### Exercise details
Copy out exactly the lines from the one with "Great coloring cat with wings" through the last line of the listing below, both included, but none of the pictures.

### Available data

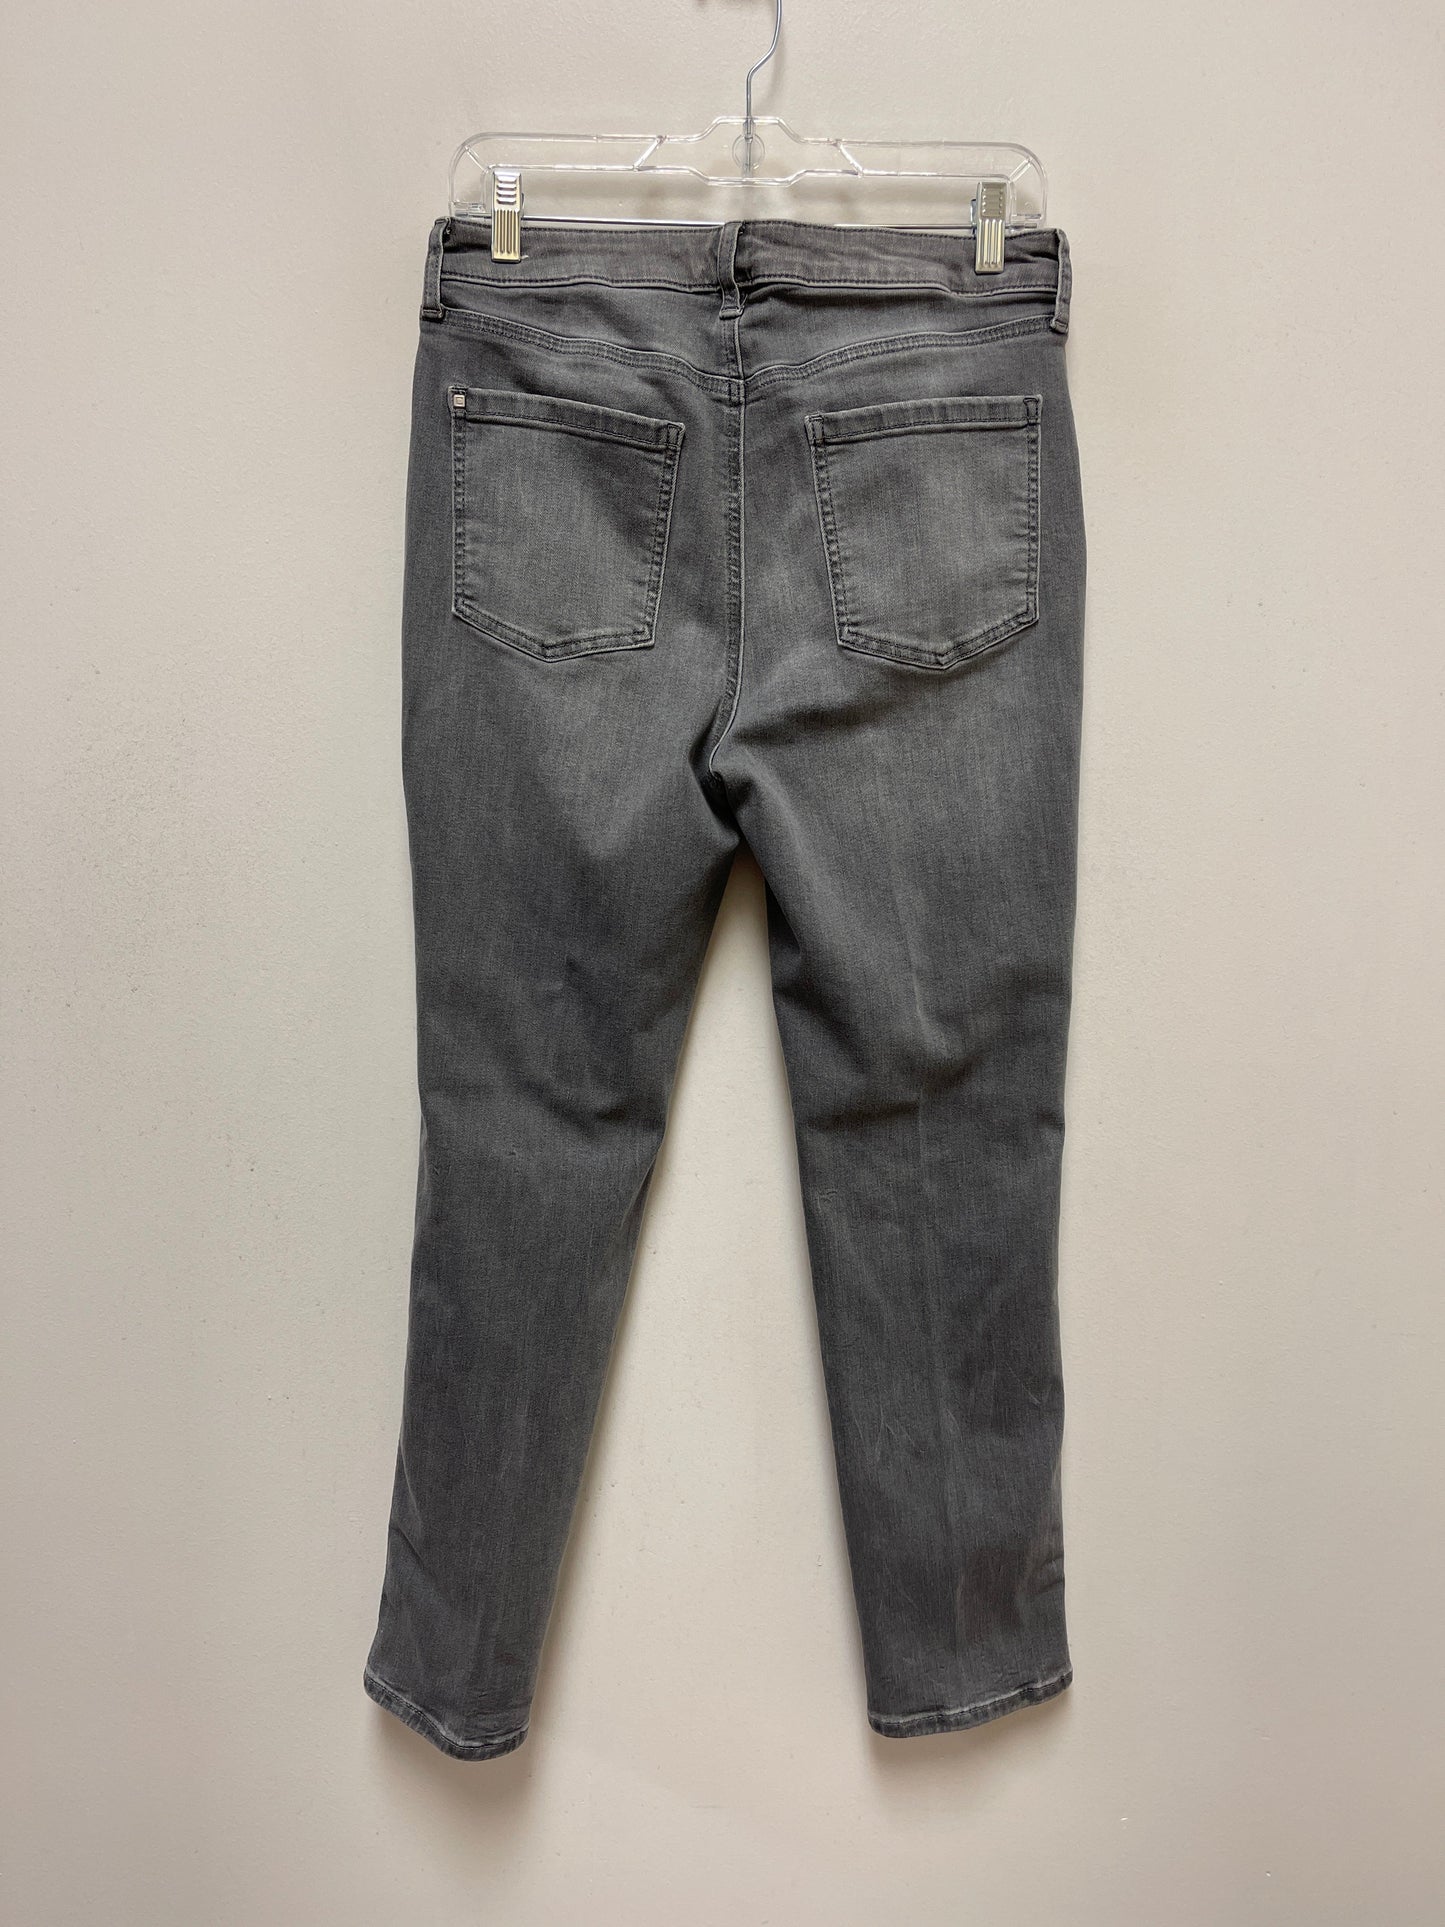 Grey Jeans Straight Chicos, Size 8
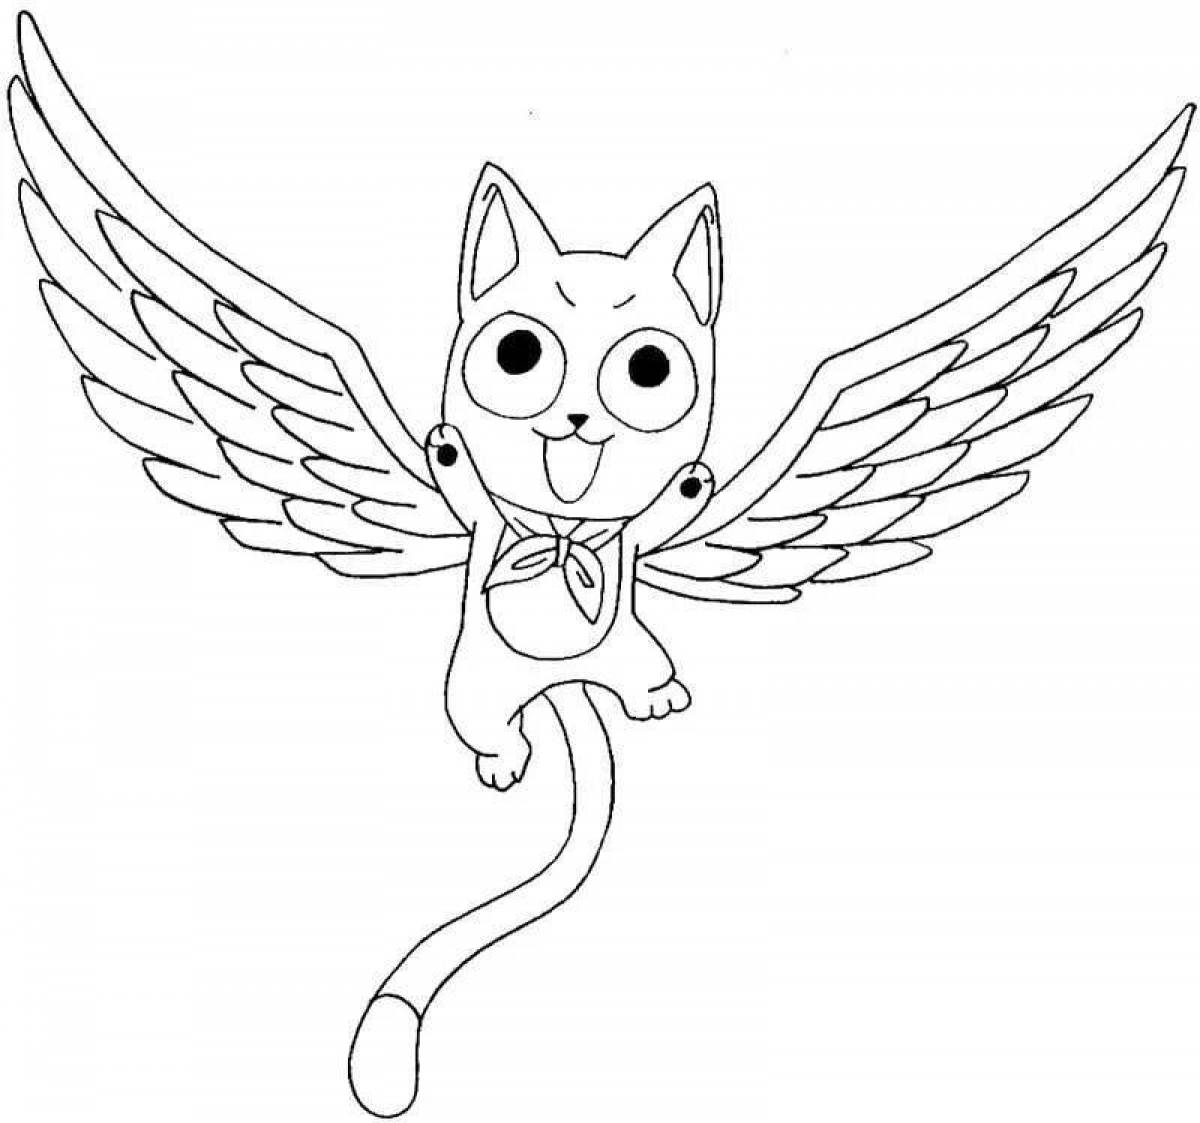 Great coloring cat with wings
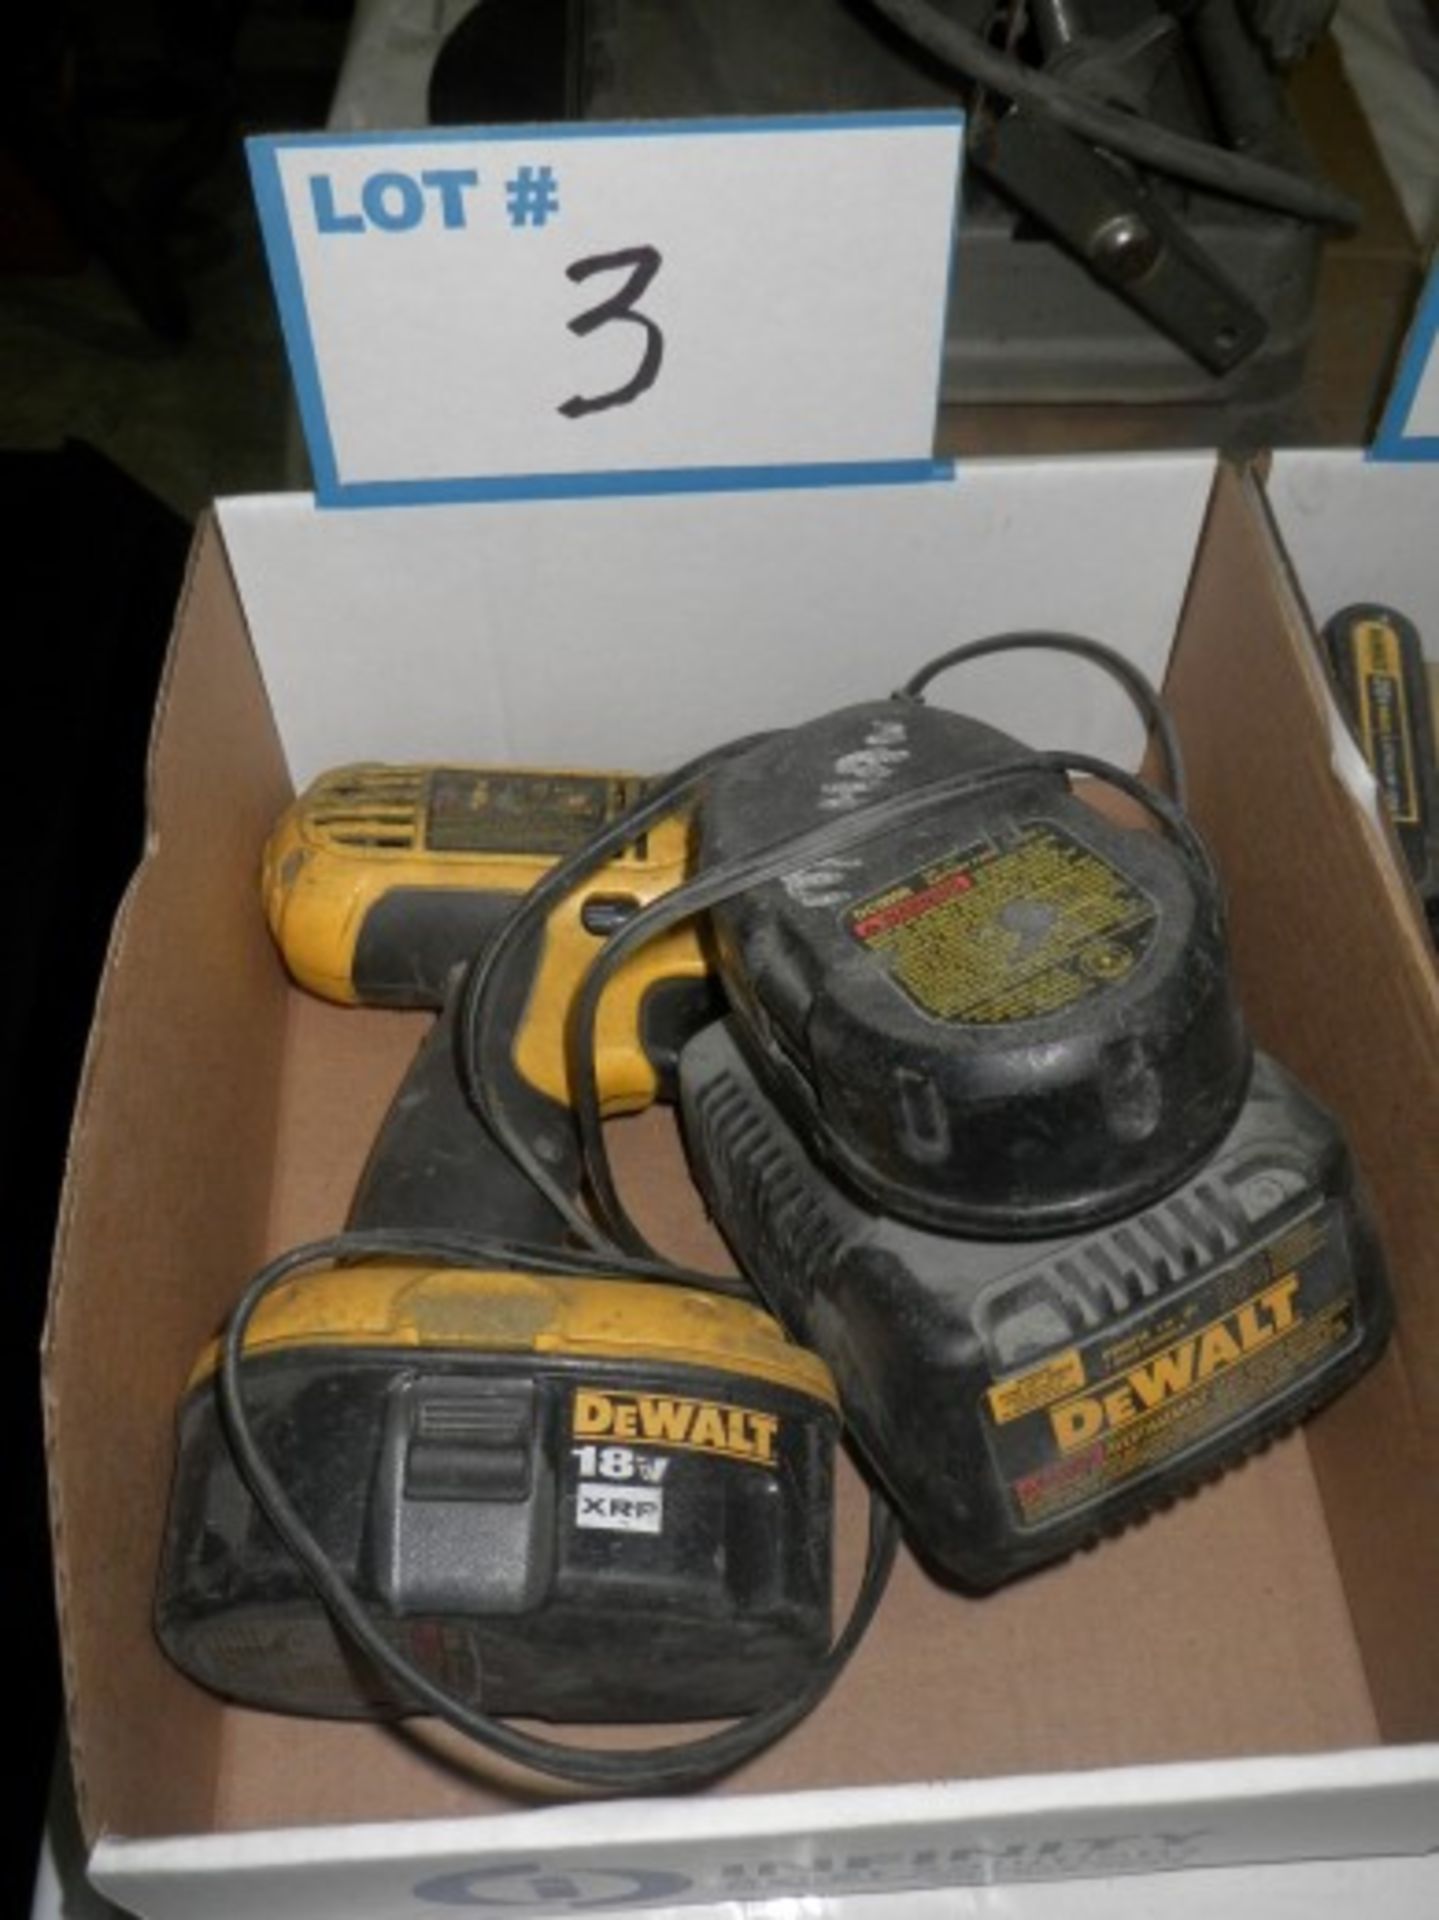 Dewat 18V Drill Driver w/ Charger (DRY)

### Result
 Great coloring cat with wings
 Dewat 18V Drill Driver w/ Charger (DRY)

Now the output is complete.